As an optional implementation manner, the acquisition module 201 is further configured to, when the transfer module 204 detects that there is an abnormal server with an exception in all the schedulable servers, according to the fragmentation queue, to After the task fragmentation of the abnormal server performs task transfer, obtain the third task fragmentation scheduling record of the fragmentation queue;

The task scheduling device 20 further includes:

A deletion module, configured to delete the scheduling information of the abnormal server from the third task fragmentation scheduling record.

In this optional implementation manner, after the task transfer is performed according to the fragmentation queue, the task fragmentation scheduling record at the current moment in the fragmentation queue may be maintained, that is, the third task fragmentation scheduling may be performed. The record is maintained, the scheduling information of the abnormal server is deleted from the third task fragmentation scheduling record, and redundant data is deleted in time to improve system performance.
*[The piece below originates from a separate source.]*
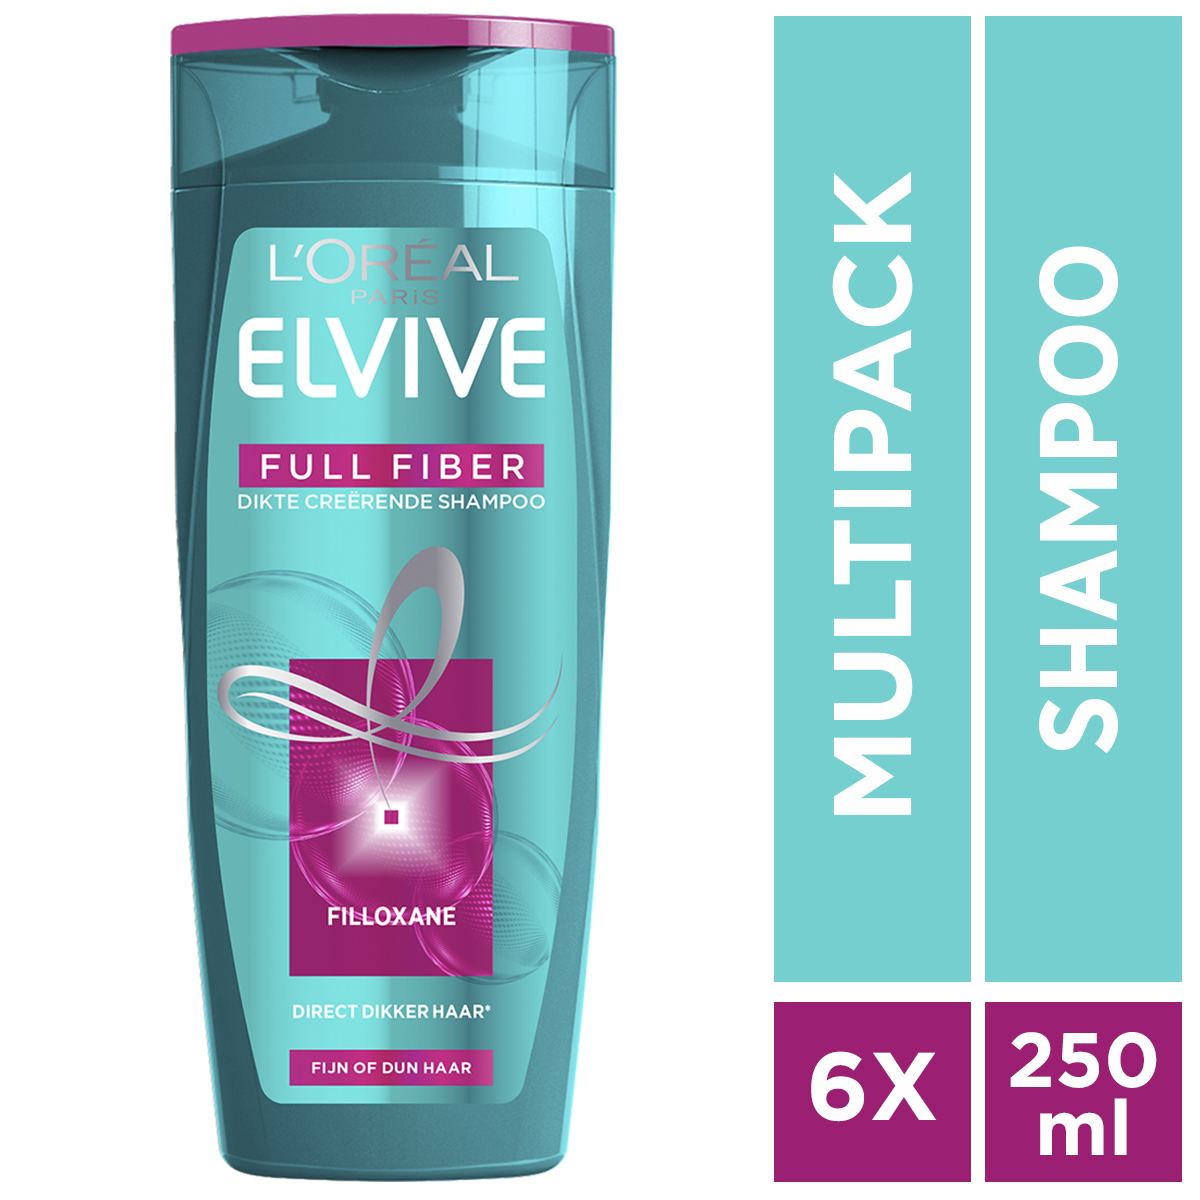 L'Oréal Elvive Full Fiber - 6x 250 ml - Shampoo

In the task scheduling device 20 described in FIG. 2 , a task can be divided into a plurality of task slices with an even amount of data according to the total task parallelism, and the task slices processed by each schedulable server and its own task parallelism Consistent, that is, each schedulable server can simultaneously complete its own task fragmentation, so that the resources of different servers can be fully utilized, and the efficiency of task processing is improved. At the same time, if an exception occurs on the server that is executing the task, the task transfer is performed according to the task queue, that is, any server obtains the slice array by registering the task in the task queue and executes it to ensure the normal execution of the task.

As shown in FIG. 3 , FIG. 3 is a schematic structural diagram of an electronic device implementing a preferred embodiment of the task scheduling method of the present application. The electronic device 3 includes a memory 31 , at least one processor 32 , a computer program 33 stored in the memory 31 and executable on the at least one processor 32 , and at least one communication bus 34 .
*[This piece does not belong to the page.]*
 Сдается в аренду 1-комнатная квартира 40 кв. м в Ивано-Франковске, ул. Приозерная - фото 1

Those skilled in the art can understand that the schematic diagram shown in FIG. 3 is only an example of the electronic device 3, and does not constitute a limitation on the electronic device 3, and may include more or less components than those shown, or combinations thereof Certain components, or different components, for example, the electronic device 3 may also include input and output devices, network access devices, and the like.

The electronic device 3 also includes, but is not limited to, any electronic product that can interact with the user through a keyboard, a mouse, a remote control, a touchpad or a voice-activated device, for example, a personal computer, a tablet computer, a smart phone, Personal Digital Assistant (PDA), game console, Internet Protocol Television (IPTV), smart wearable devices, etc. The network where the electronic device 3 is located includes but is not limited to the Internet, a wide area network, a metropolitan area network, a local area network, a virtual private network (Virtual Private Network, VPN) and the like.

The at least one processor 32 may be a central processing unit (Central Processing Unit, CPU), or other general-purpose processors, digital signal processors (Digital Signal Processor, DSP), application specific integrated circuit (Application Specific Integrated Circuit, ASIC) ), Field-Programmable Gate Array (FPGA) or other programmable logic devices, transistor logic devices, discrete hardware components, etc. The processor 32 can be a microprocessor or the processor 32 can also be any conventional processor, etc. The processor 32 is the control center of the electronic device 3, and uses various interfaces and lines to connect the entire electronic device 3 of each part.

The memory 31 can be used to store the computer program 33 and/or modules/units, and the processor 32 executes or executes the computer programs and/or modules/units stored in the memory 31 and calls the computer programs and/or modules/units stored in the memory 31. 31 to realize various functions of the electronic device 3 . The memory 31 may mainly include a stored program area and a stored data area, wherein the stored program area may store an operating system, an application program (such as a sound playback function, an image playback function, etc.) required for at least one function, and the like; the storage data area may Data and the like created according to the use of the electronic device 3 are stored. In addition, the memory 31 may include volatile and non-volatile memory, such as hard disk, internal memory, plug-in hard disk, Smart Media Card (SMC), Secure Digital (SD) card, flash memory card ( Flash Card), at least one disk storage device, flash memory device, etc.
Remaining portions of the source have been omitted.